1

Lets say for fraud detection which has two labels for each transaction.

  1. Fraud
  2. Non fraud

In real world scenario we usually get more number of examples of Non fraud data points and very low number of fraud data points. Lets assume the ratio of Non fraud: fraud is 80:20. So my question is even if I build any classifier my model will predict the majority label but I know that data itself is not well distributed. So for such scenarios what should be the approach.

Steffen Moritz
  • 1,564
  • 2
  • 15
  • 22
  • 2
    There is a lot of posts on this site about unbalanced classes, search the site for this! In particular: https://stats.stackexchange.com/questions/6067/does-an-unbalanced-sample-matter-when-doing-logistic-regression since logistic regression could be a good starting method for your problem. – kjetil b halvorsen Jul 31 '17 at 11:17
  • SMOTE algorithm is a popular choice. See e.g. here https://www.jair.org/media/953/live-953-2037-jair.pdf and here https://stats.stackexchange.com/questions/234016/opinions-about-oversampling-in-general-and-the-smote-algorithm-in-particular – tosik Aug 03 '17 at 19:51
  • Avoid the problem by using a probabilistic model, like logistic regression? – kjetil b halvorsen Aug 03 '17 at 20:56

3 Answers3

0

Two approaches I've read about are down-sampling the majority class, and changing the cost of miss-classifying to more severely penalize missing the minority class (fraud, in this case).

Zhenya
  • 1
0

One option is to down-sample you majority class - i.e. randomly throwing away events belonging to the majority class. That is of course feasible only if you have large enough data to afford this.
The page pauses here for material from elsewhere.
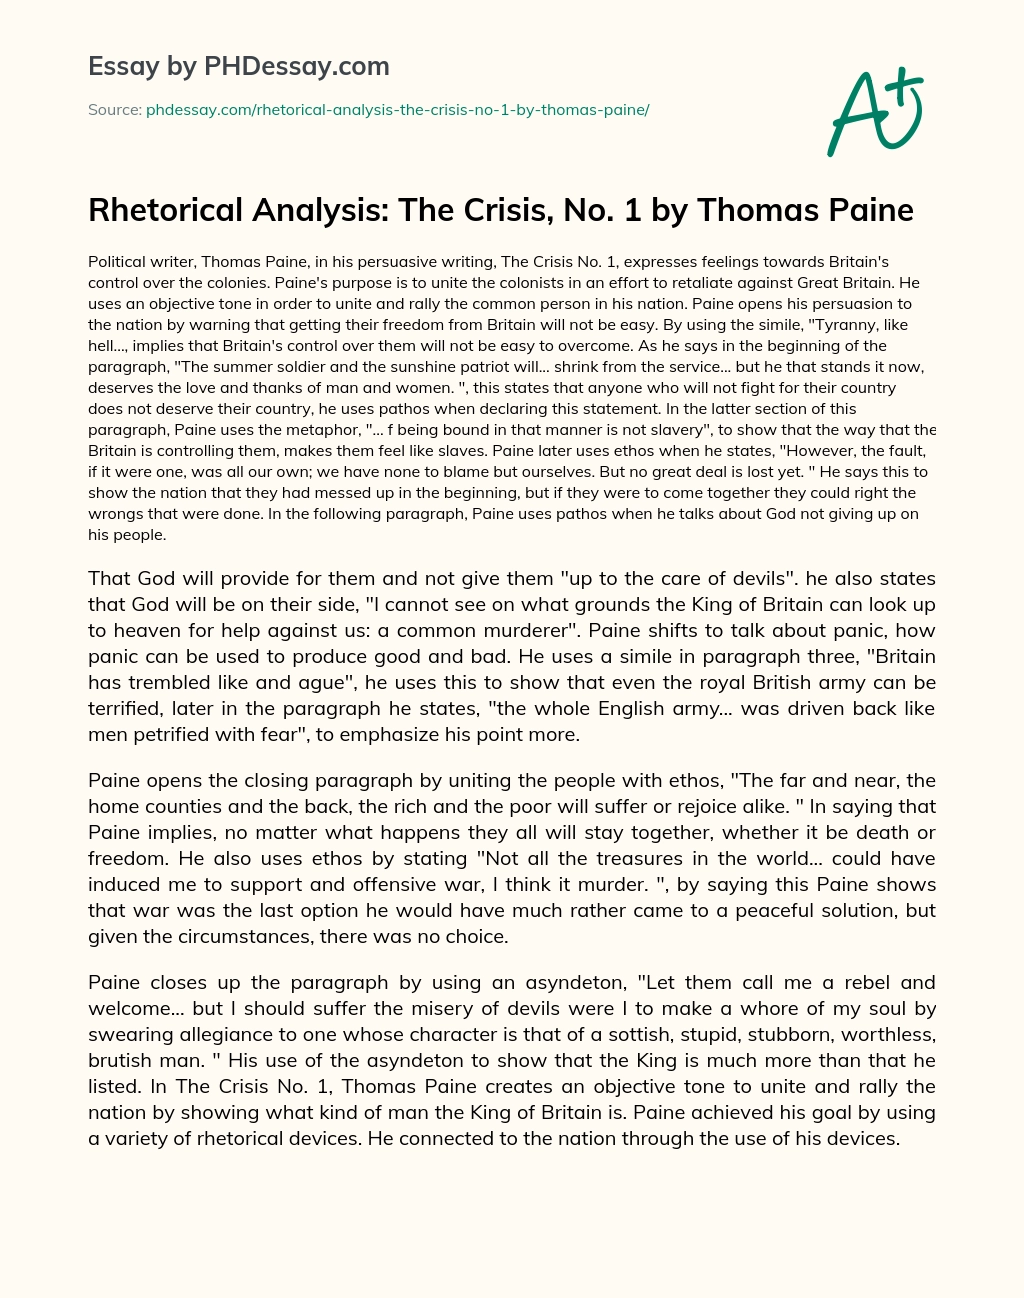 pay for my top rhetorical analysis essay on civil war

An alternative is to up-sample the minority class; a popular algorithm to generate synthetically data for the minority class is SMOTE (https://www.jair.org/media/953/live-953-2037-jair.pdf). I find a python implementation of it here: https://github.com/scikit-learn-contrib/imbalanced-learn although I was able to use it successfully only when using Support Vector Machines as a classifier. It did not really make a difference with other classifiers.

famargar
  • 789
  • 1
  • 5
  • 24
0

Another option, e.g. used in the R mixOmics package, is the option to base fitness measures during model parameter tuning not only on overall misclassification rate, but also on per-class misclassification rate. This will allow customised tuning and automatic leveraging of classes.

CarlBrunius
  • 138
  • 1
  • 11